Hal itu disampaikan Sutarmidji saat menghadiri kegiatan sosialisasi perdagangan karbon sektor kehutanan lingkup Direktorat Jenderal Pengelolaan Hutan Lestari, Kementerian Lingkungan Hidup dan Kehutanan (KLHK), baru-baru ini.

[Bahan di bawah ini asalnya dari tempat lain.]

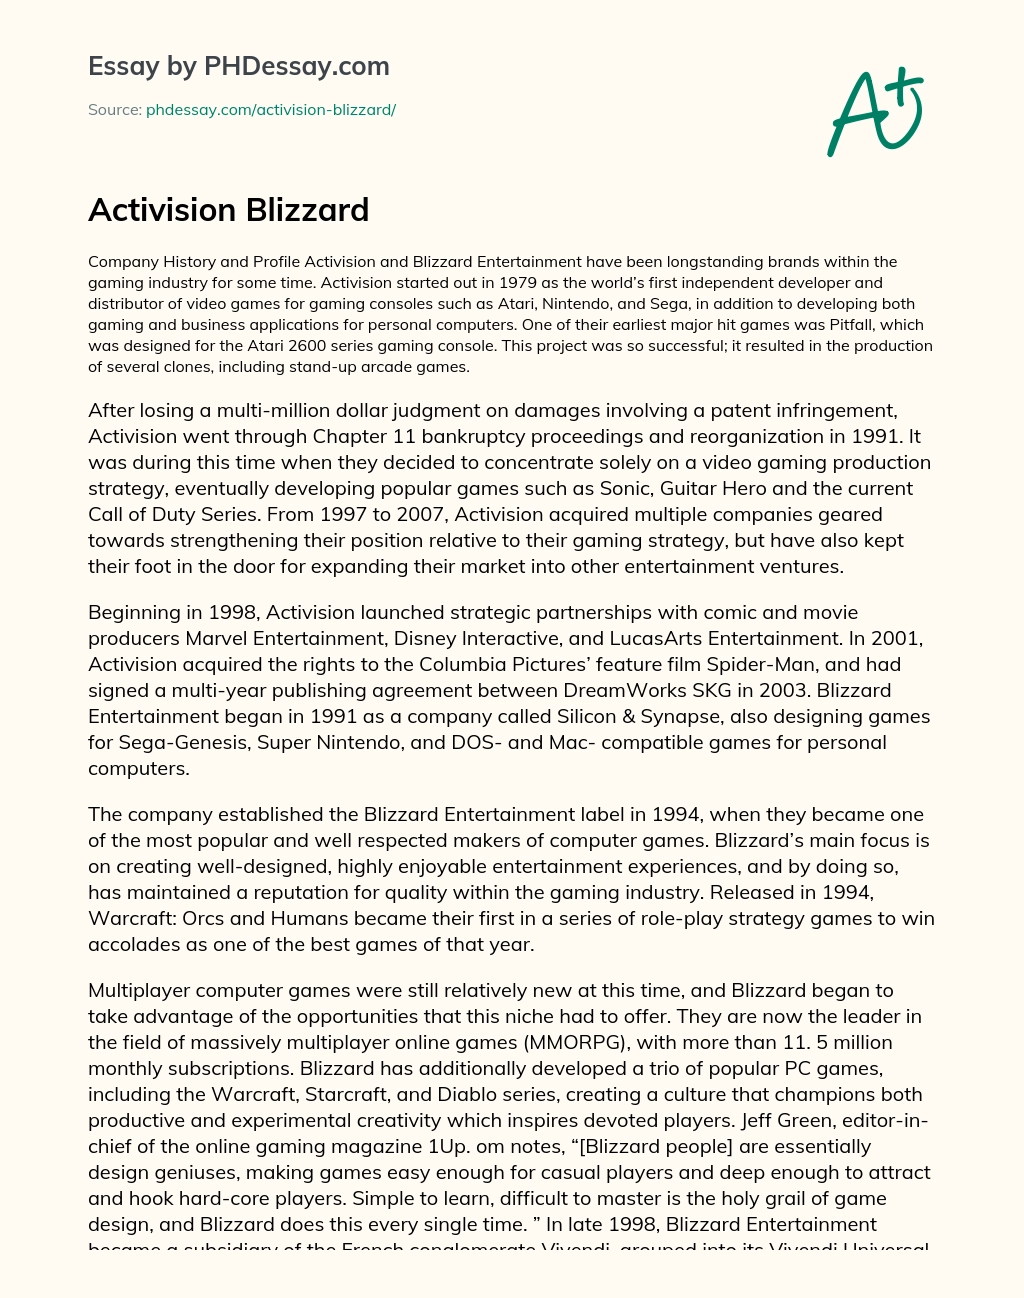 Activision Blizzard essay
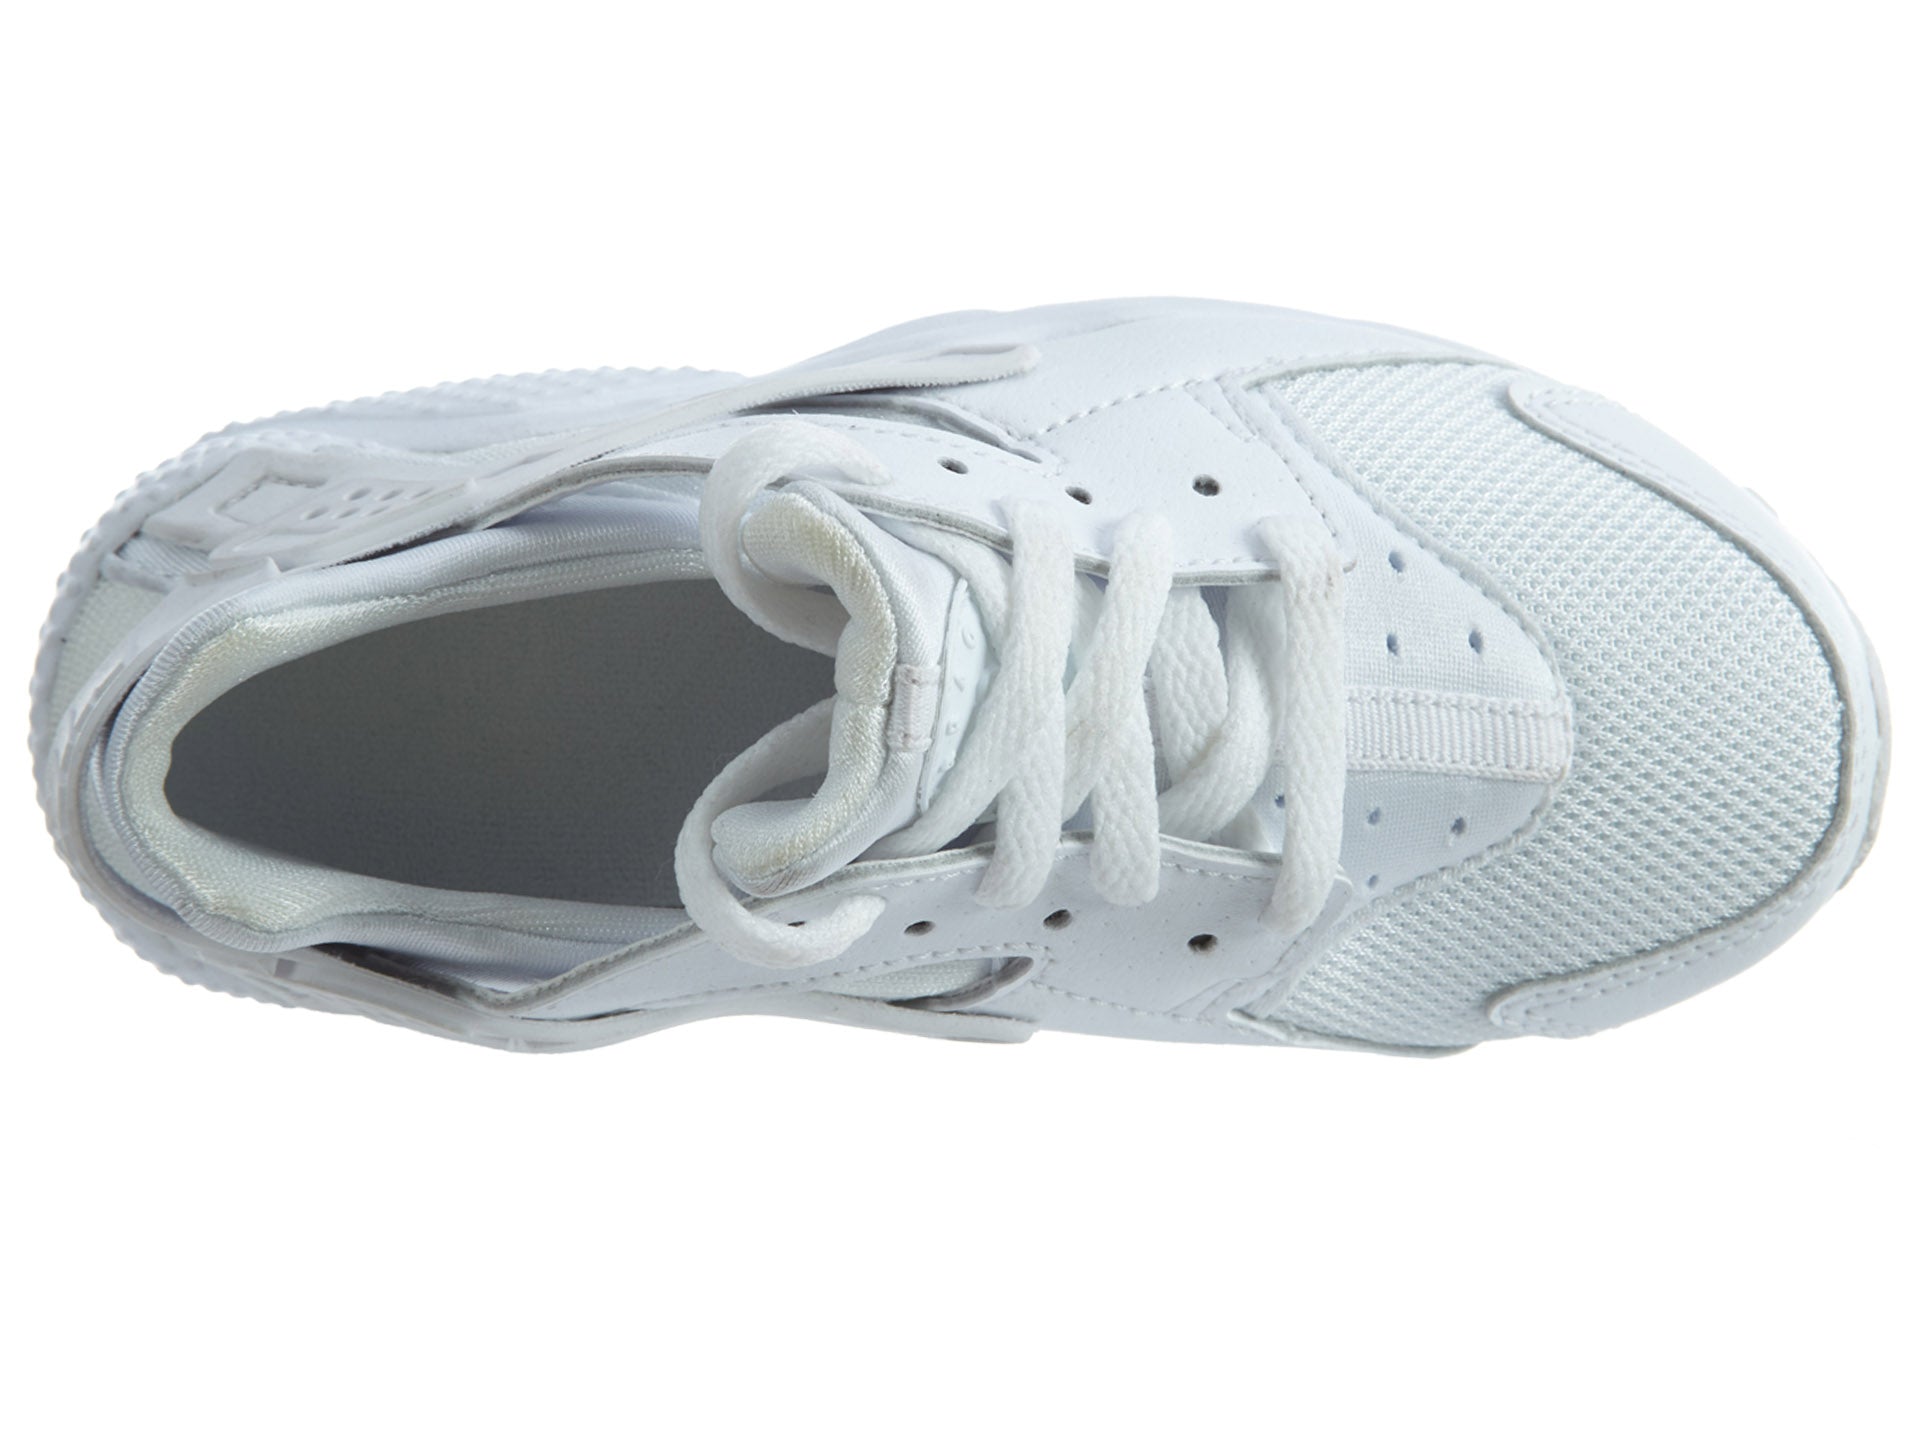 Nike Huarache Run White Preschool  Boys / Girls Style :704949

Lebih lanjut Sutarmidji mencontohkan, untuk tanaman sawi misalnya, dari lahan per satu hektare di sana bisa menghasilkan sampai 18 ton sawi. Lahan yang digunakan tidak perlu dibakar, melainkan cukup diatapi dengan jaring-jaring hitam. Kemudian untuk tanaman talas, per sate hektare di sana, dikatakan Midji bisa menghasilkan antara 20 ton sampai 25 ton talas.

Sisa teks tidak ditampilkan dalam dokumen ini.